I feel like I’m never making the same thing twice which makes it so exciting for me. Although I haven’t posted on the account in a while, and at this point, it feels like my comeback post has to be the perfect thing.
How do you juggle so many different interests while being such a present member of your clubs on campus?
I think Penn Face for me was really awful. My first semester, I thought that I had everything under control. I thought high school was a walk in the park, and I remember when I took CIS 110, at first I didn’t think it was too bad. I just didn’t go to class, and
I thought that I knew everything. Then I took the midterm and scored a good two standard deviations below every single exam in that class. That was a big hit to my confidence. A lot of my friends around me seemed to be doing incredibly well in their classes. I’ve managed to get past that stage by looking at myself holistically and I recognize that, sure, coding is not my forte. I will never be able to write a quality “for loop” for the rest of my life. But that’s okay, because there are so many other aspects of life that not only am I better at, but I definitely take more pride in doing.
For example, I really enjoy being able to foster relationships and have meaningful discussions with people. It doesn’t matter if I get a C or a D in a class; those grades will never invalidate the experiences I have outside of the classroom. I love being able to teach other people and even though you’ll never catch me being able to do any sort of object–oriented programming, I love being able to teach a second grader how to differentiate between different vowel sounds and teaching different linguistic patterns so that they can excel and read chapter books going into third and fourth grade. I’ve learned to prioritize what I value and understand that I’m not going to be great at everything. I’m proud of myself for being good at what I am good at and continuing to pursue those passions.
It seems like you’ve got the meaning of life figured out! So, I’m curious, what’s next after Penn?
I took a gap semester and I’m submatriculating into the master’s program to get my master’s in bioengineering. So, those are my short–term plans. In terms of long–term plans, I have no clue which path is going to be correct for me. I’ve started to go more with the flow and accept that there’s no GPS to life that’s telling me to turn left in ten weeks or to take a U–turn in a year. At the end of the day, you have to keep going and see where things take you.

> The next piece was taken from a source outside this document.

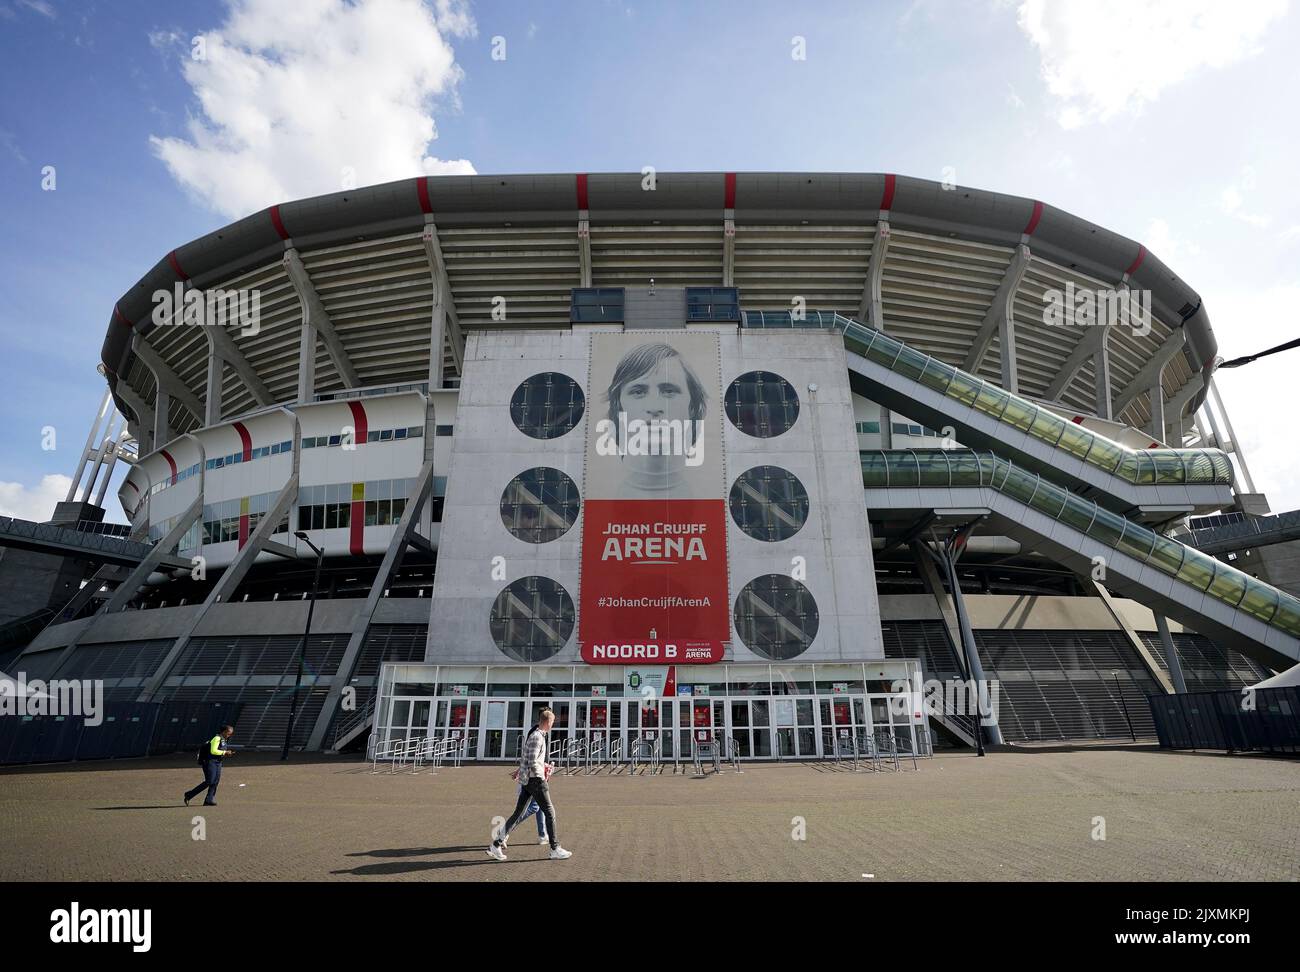 Ein Blick außerhalb des Bodens vor dem Spiel der UEFA Champions League Gruppe F in der Johan Cruyff Arena in Amsterdam, Niederlande. Bilddatum: Mittwoch, 7. September 2022. Stockfoto

Eventually, I want to be some sort of educator. I want to come back to Penn Graduate School of Education and try to either get my master’s or Ph.D. in education. I love learning about the psychology of our brains and learning how to teach effectively. I think that is definitely my longer–term future where I certainly see myself being a professor or a teacher in different countries. ❋
Best place to eat in Philly? Huge fan of Zahav.
Best place to study?
I got really sick of it last semester, but I have to go with Tangen Hall.
Best break?
Summer. I think I always come out of summer break like a new person in almost always a good way.
Best Children’ Book. If You Give A Mouse A Cookie.
There are two types of people at Penn … The ones who are masters of Sink or Swim and the ones who prefer to go to bed by 10 p.m.
And you are?
Definitely the latter. I go to the first Sink or Swim of every semester, and I call it a success.